13. The utilities’ distribution revenue requirements should be reduced to recognize a fair allocation of FF&U costs between distribution, transmission and generation, as set forth in this decision.

14. The rules of statutory construction provide that where exceptions to a general rule are specified by statute, other exceptions are not to be implied or presumed.

15. PG&E’s request to create a nonbypassable charge for Diablo Canyon ICIP costs that are above market prices should be denied. Regulatory treatment of associated costs should be considered in the proceeding addressing appropriate components of the CTC.

16. Edison’s request to create a nonbypassable surcharge and balancing account for costs set forth in its MAM proposal should be denied.
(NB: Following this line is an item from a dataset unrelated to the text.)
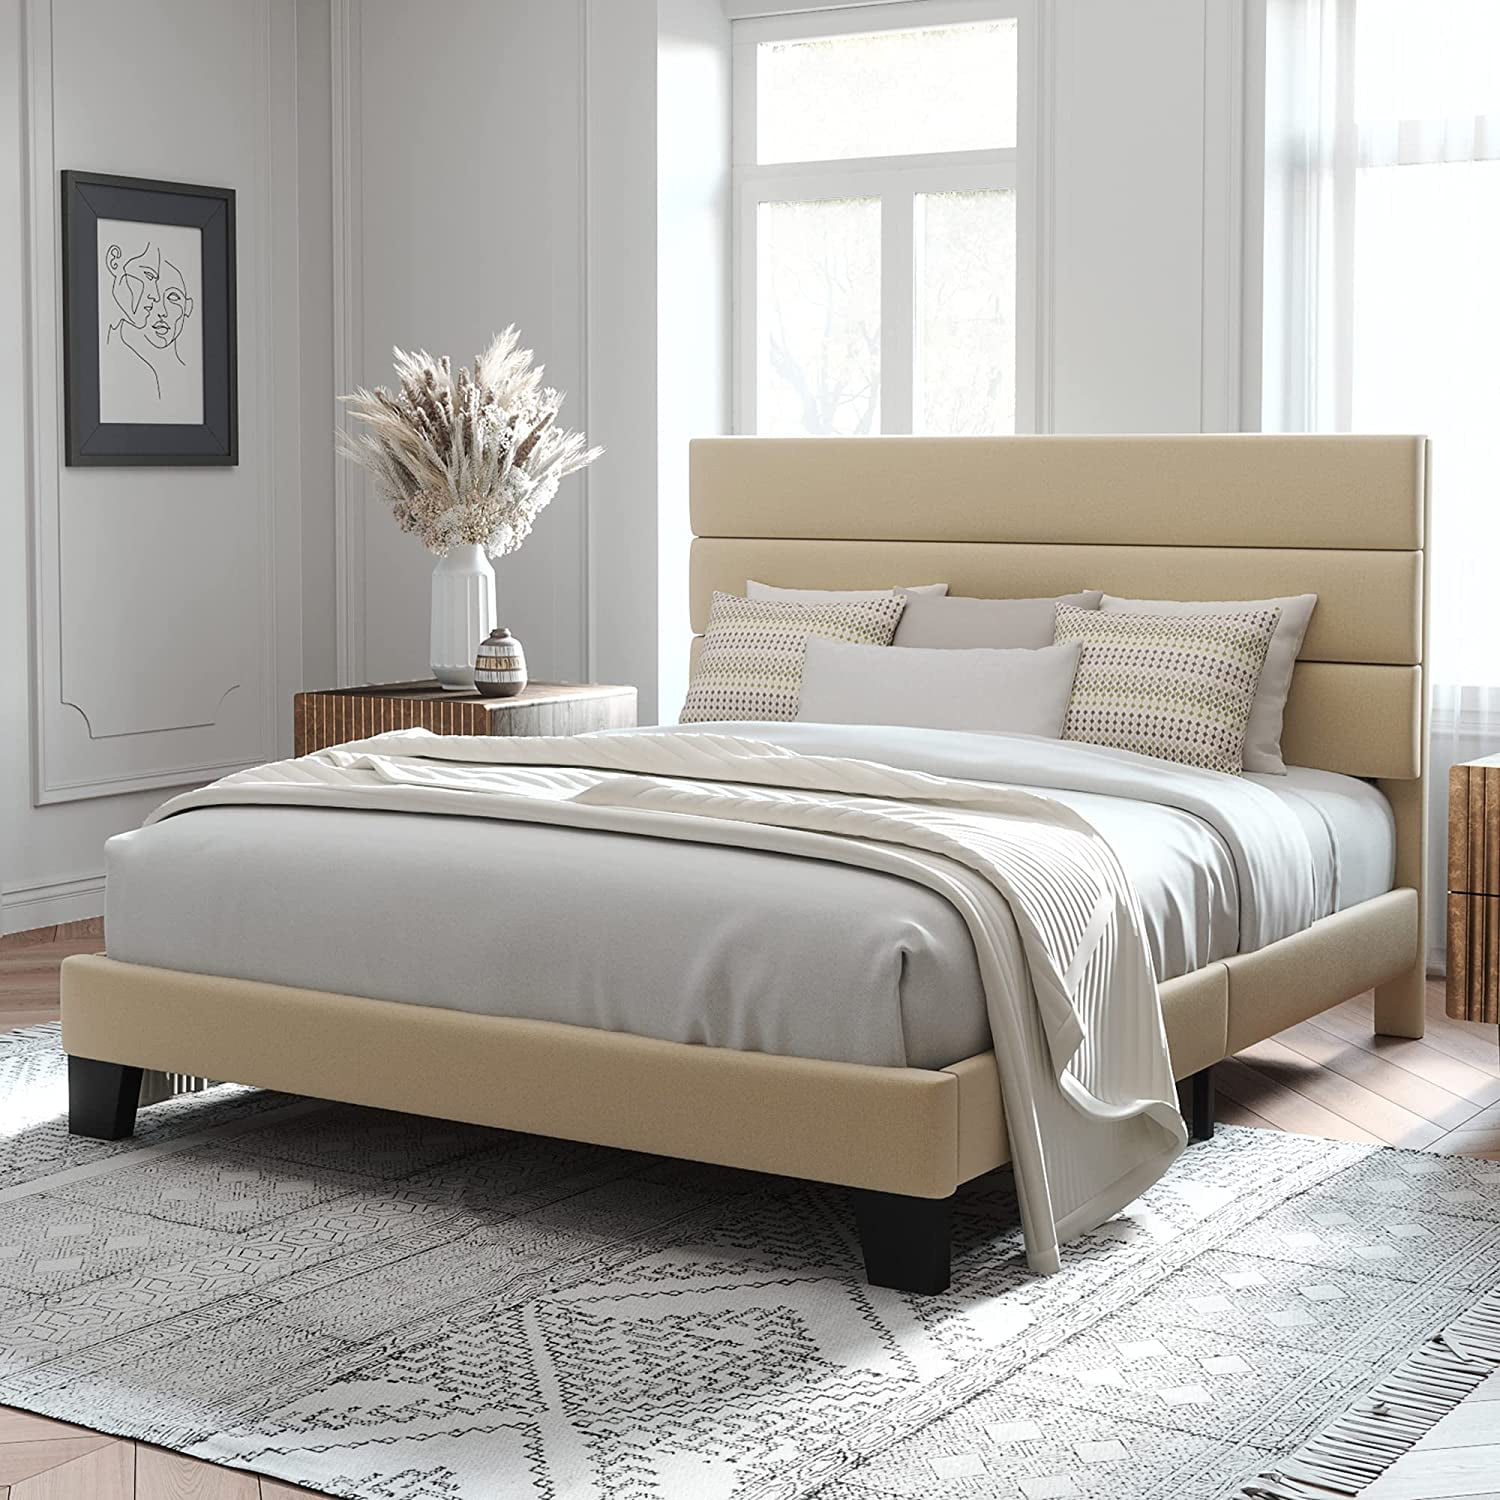 Allewie Queen Size Platform Bed Frame with Velvet Headboard/Fully Upholstered Mattress Foundation, No Box Spring Needed, Beige

Associated costs should be allocated to various functions as set forth in this decision.

17. SDG&E’s request to create a nonbypassable surcharge and balancing account for costs set forth in its MAM proposal should be denied. Associated costs should be allocated to various functions as set forth in this decision.

18. PG&E’s request to create a TRA should be denied.
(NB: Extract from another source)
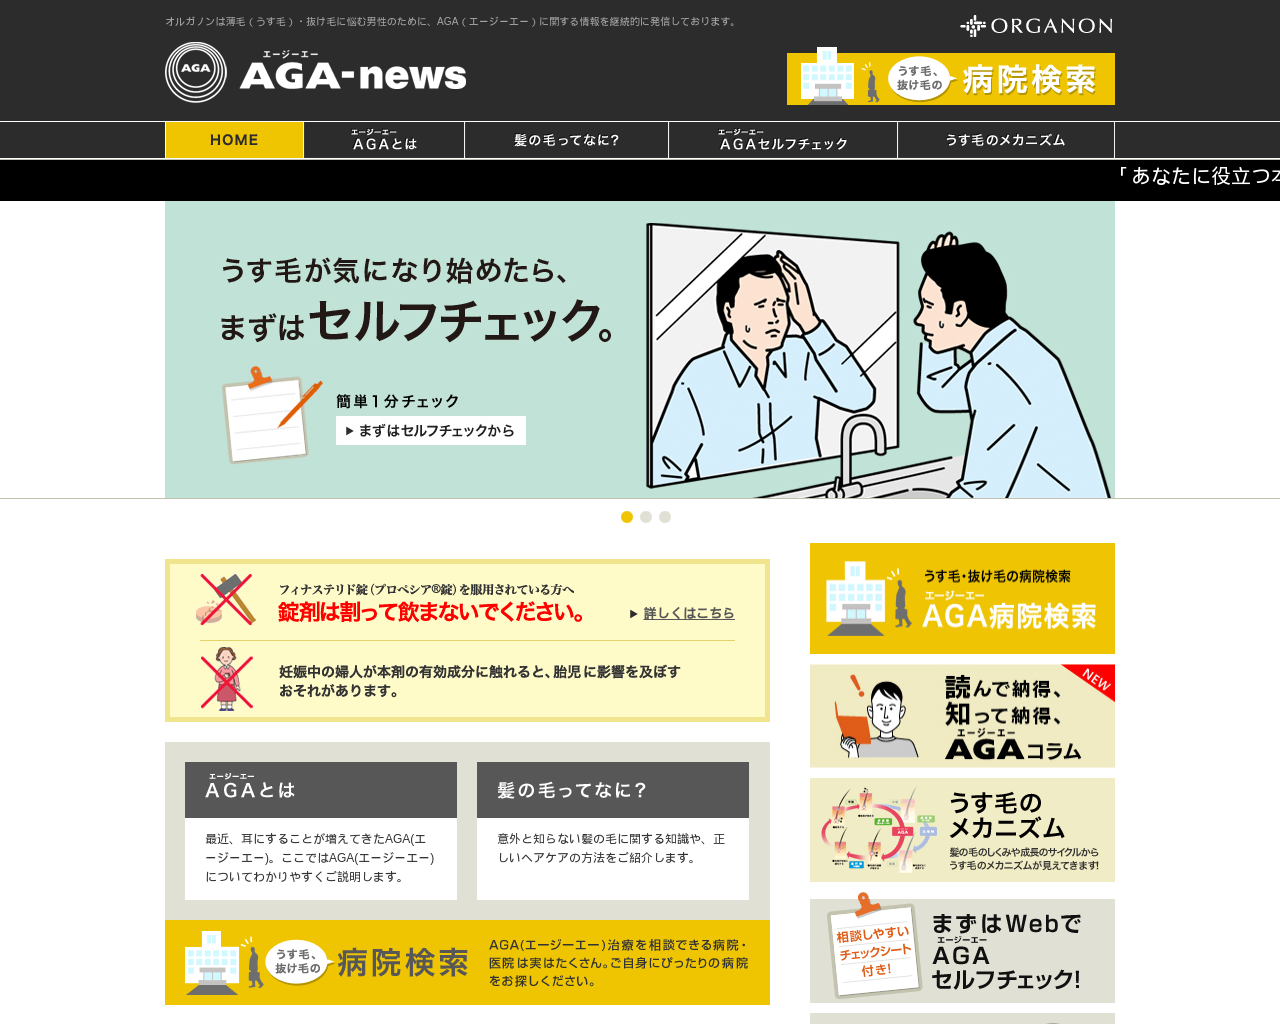 aga-news.jp

19. The utilities should be ordered to apply the 10% discount to residential and small commercial customers on all types of rate schedules and to recover the cost of paying off the rate reduction bonds from the same classes of customers.
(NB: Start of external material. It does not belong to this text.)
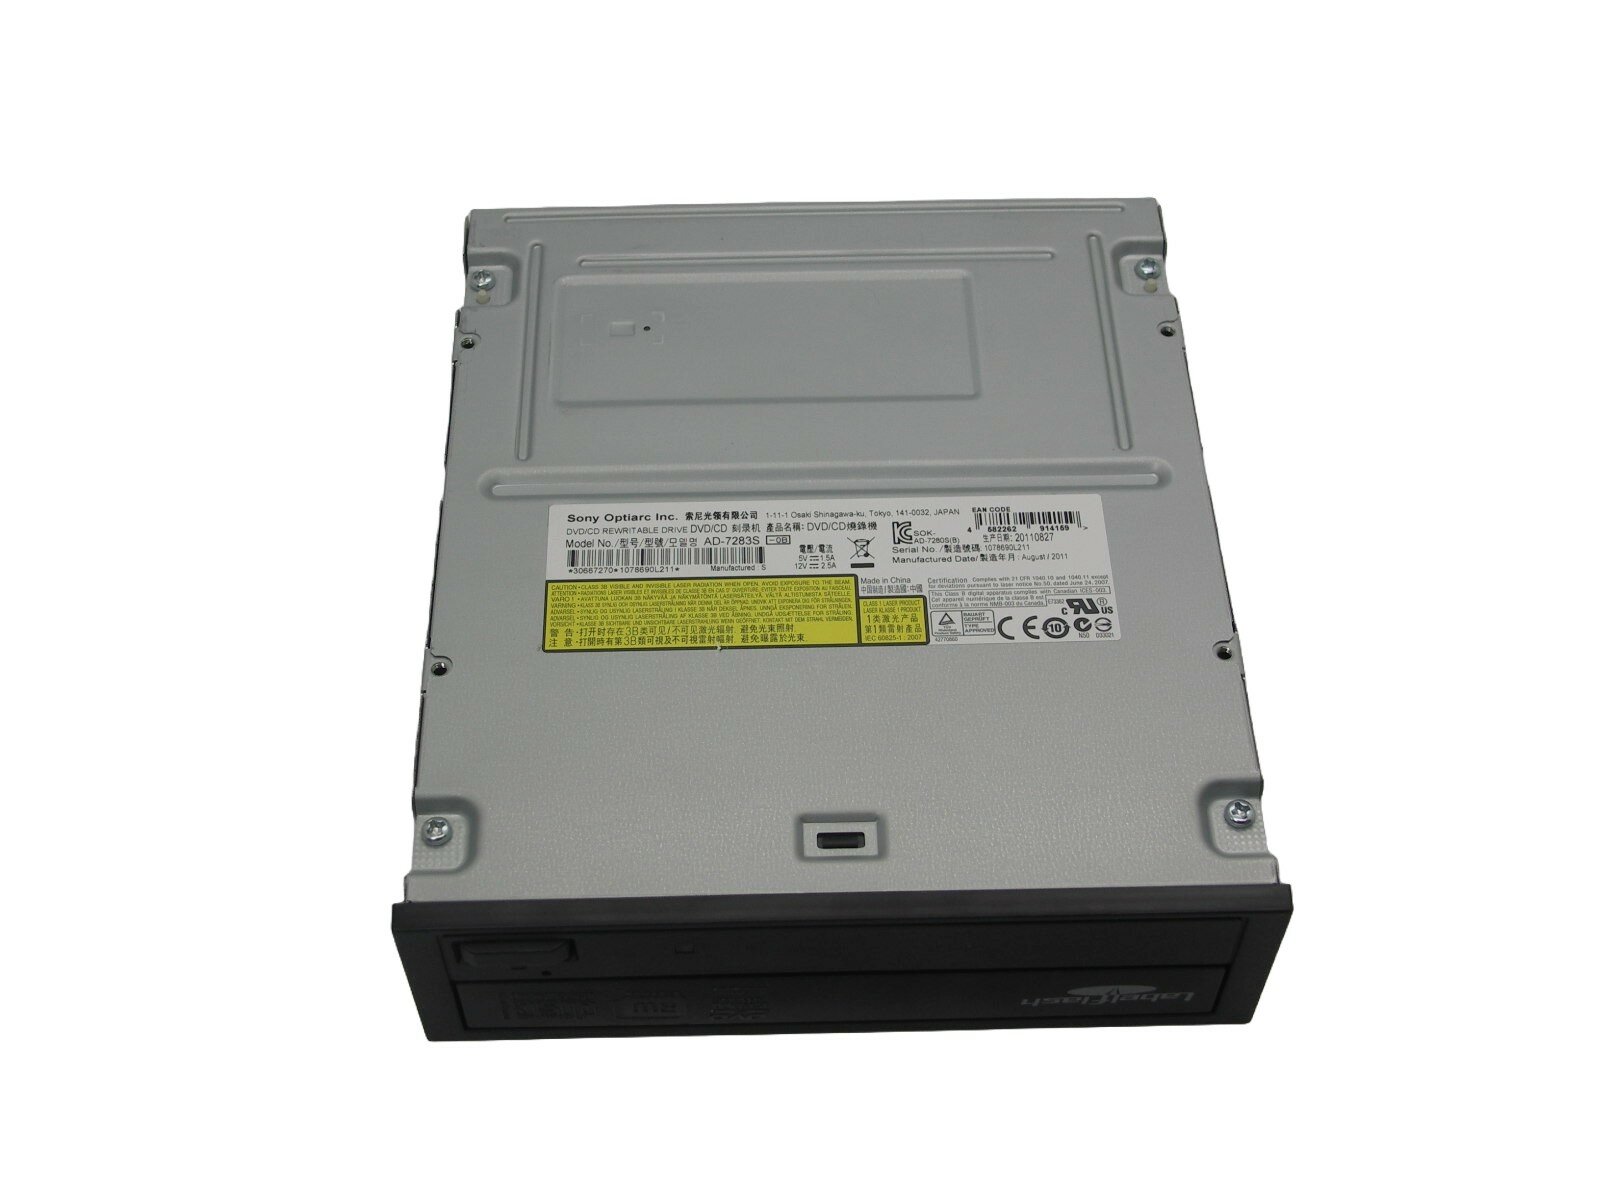 Оптический привод DVD +R/RW CD-R/RW Sony Optiarc Inc. AD-7283S (SATA) чёрный

20. Marketers and brokers should be permitted to negotiate with their energy customers the method by which customers will pay the CTC to them.

21. The utilities’ proposals to develop the CTC should be rejected. Instead, the Commission should adopt the modified ORA methodology described in section VIII.B.1 of this decision.

22. Deriving an averaged CTC residually for each rate class by ex post averaging for utility-service customers all non-CTC functional rate components that vary with time does not violate the rate freeze articulated in Section 368 of the PU Code.

23. The utilities should be required to allocate the costs of public purpose programs using the system average percent method.

24. The utilities should be required to create a rate differential between baseline and other rates for both distribution rates and the CTC so that the rate structure after the CTC is removed would continue to reflect the baseline rate structure.

25. Hourly distribution line loss factors should be implemented effective January 1, 1998.

26. The utilities’ public purpose program surcharges should include all CARE program costs, consistent with Sections 381 and 382.

27. The utilities should be required to functionalize the rates on customer bills consistent with this decision no later than June 1, 1998.

28. Utility tariffs should specify that a customer who leaves the utility system to be served by an entity which must impose a public purpose surcharge pursuant to Section 385 shall not thereafter be required to pay the utility’s public purpose program surcharge.

29. The utilities shall reflect the 10% rate reduction to small commercial and residential customers by way of a reduction to the CTC.

30. The utilities should be required to provide information regarding the PX price on customer bills.

31. Customer bills should separately identify charges for energy, transmission, distribution, the CTC, public purpose programs and nuclear decommissioning costs no later than June 1, 1998 as set forth in this decision.

32. The utilities should be required to collect data necessary to provide customers with information about air emissions profiles of various generation resources. Utility bills should notify customers of the availability of the information beginning January 1, 1999.

33. The utilities should be required to include on customer bills an explanation of the PX price and the availability of alternative electricity suppliers, as set forth in this decision.

34. PG&E should continue to bill BART conjunctively for bundled and direct access services.

35. Edison’s proposal to incorporate costs for administrative and other unlift charges that are assigned to all scheduling coordinators into the PX energy charge and to credit these costs to direct access customers is reasonable and should be adopted.

36. Edison’s large power rate design proposals are reasonable and should be adopted

37. SDG&E should update its advice letter after its 1998 PBR revenue requirement change is approved, requesting of a 1998 distribution revenue requirement to become effective January 1, 1998.